Prayers to you and your family


----------



## Nicodemus (Jan 23, 2013)

Thoughts and prayers go out to you and your family, Ruger.


----------



## lagrangedave (Jan 23, 2013)

Prayers sent from here also.


----------



## Paymaster (Jan 24, 2013)

My Condolences to you and your family. My Prayers are added.


----------



## Jasper (Jan 24, 2013)

Sorry to hear. God bless and prayers sent!


----------



## speedcop (Jan 24, 2013)

sorry for your loss, our prayers for all


----------



## Meriwether Mike (Jan 24, 2013)

Sorry about your Mother. Lost mine last January and still miss her and I talking.

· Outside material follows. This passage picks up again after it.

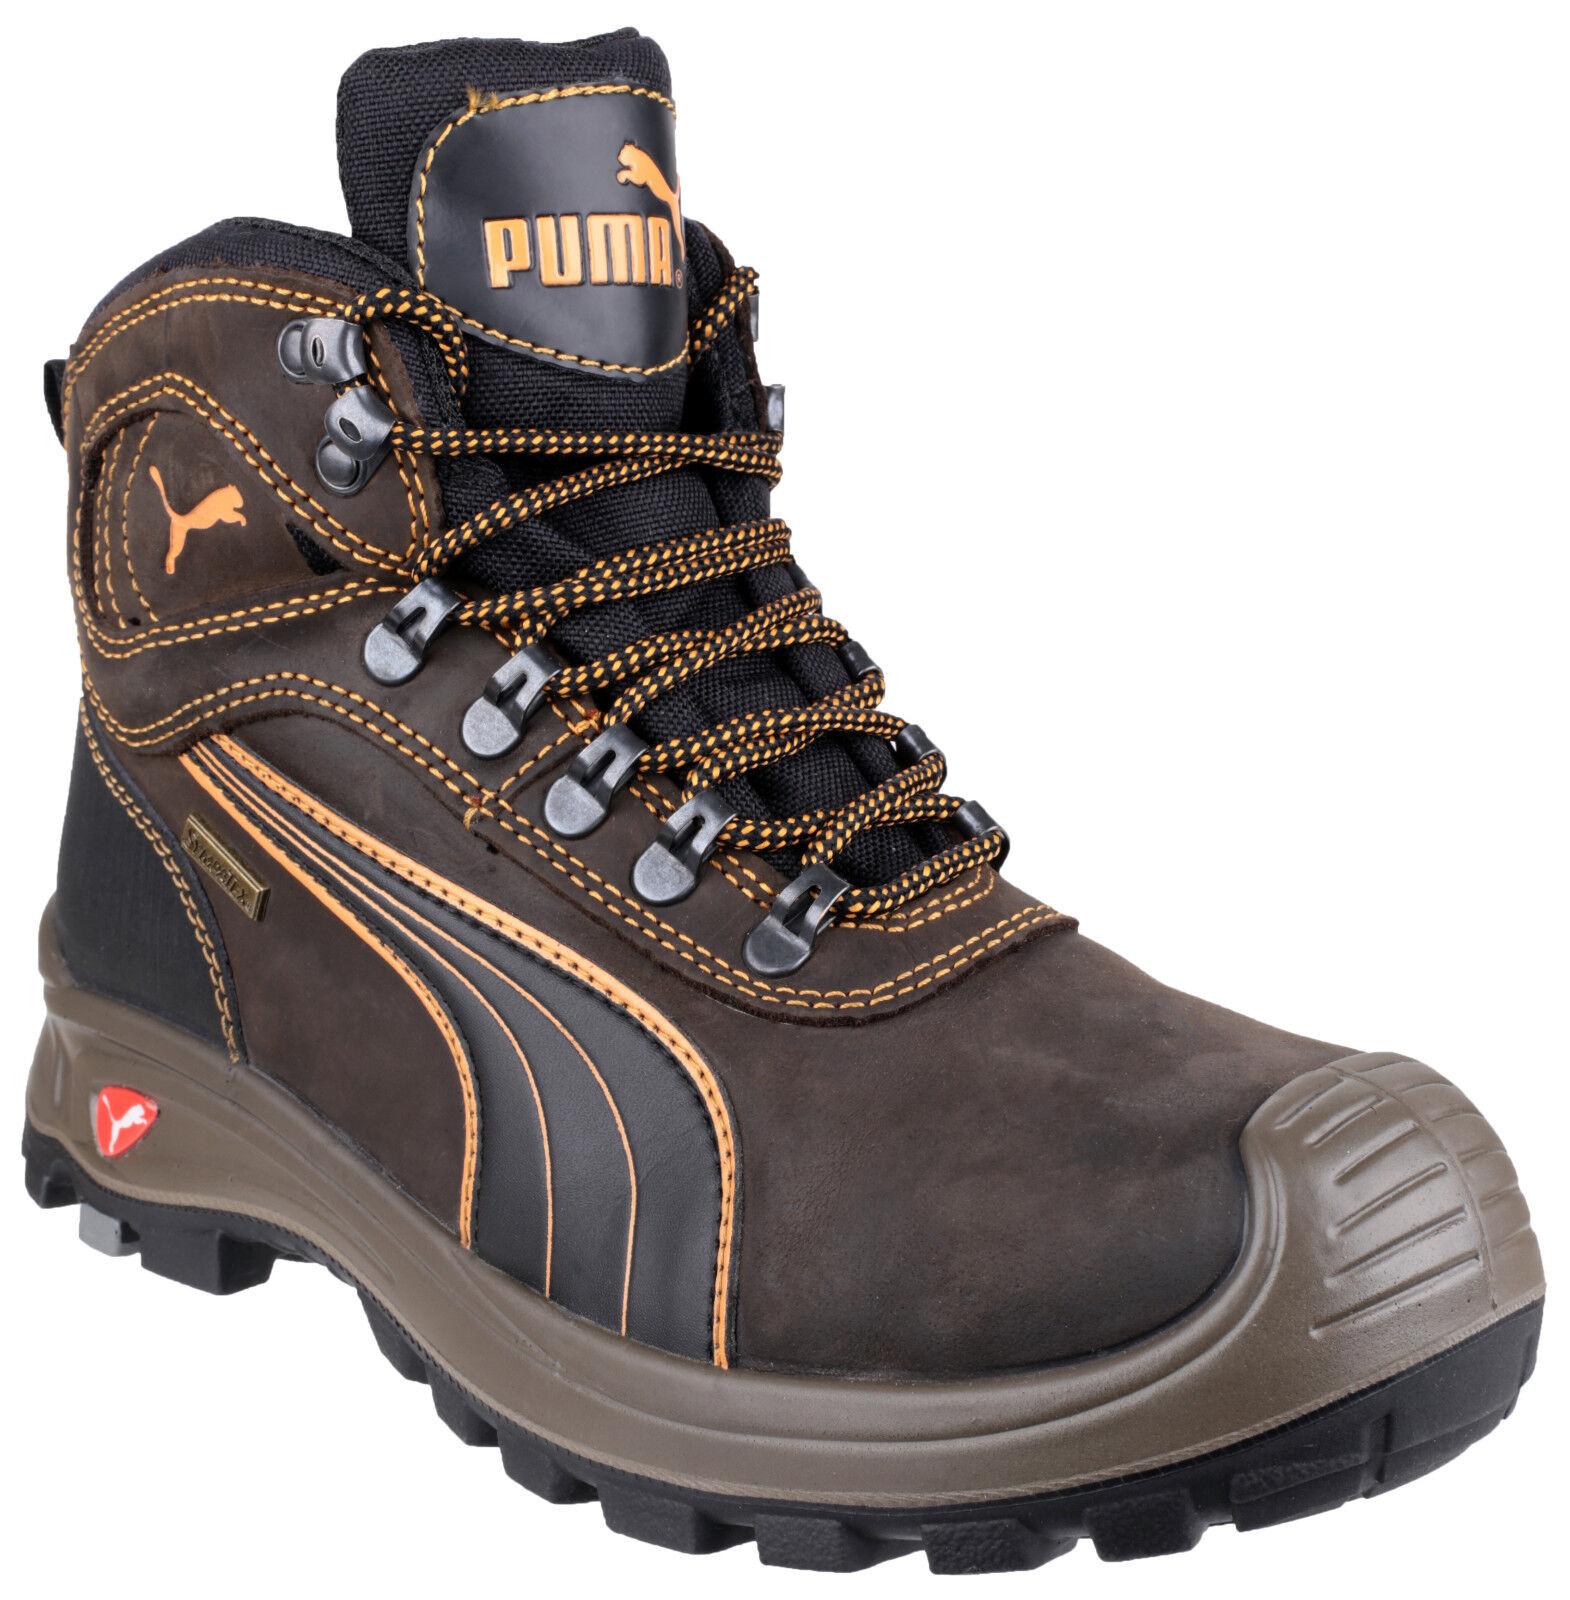 Puma Scarpe Sierra Nevada Mid sicurezza composto da Uomo Scarpe Puma Stivali Lavoro Industriale uk6-13 b8139b

Prayers sent.


----------



## CAL90 (Jan 24, 2013)

Prayers sent for all.


----------



## bamaboy (Jan 24, 2013)

Sorry to hear this,Prayers sent!!


----------



## Sargent (Jan 24, 2013)

Sent from here.


----------



## K80 (Jan 24, 2013)

my condolences to you and your family, prayers sent


----------



## T.P. (Jan 24, 2013)

Very sorry, prayers sent from here.


----------



## ross the deer slayer (Jan 24, 2013)

Sorry man prayers sent


----------



## Papa Bear (Jan 26, 2013)

Sorry about your loss, prayers sent


----------



## EAGLE EYE 444 (Jan 27, 2013)

Ruger,
I didn't see this thread until now.  My Prayers are being sent for your family at this time.


----------



## sniper22 (Feb 24, 2013)

I'm sorry for just finding this, please forgive me. Prayers lifted for you and your family. Praise God, your mom is enjoying her inheritance. God bless you


----------



## dawg2 (Feb 24, 2013)

Prayers sent.  Sorry to hear this.


----------



## BRIAN1 (Feb 24, 2013)

Prayers sent.


----------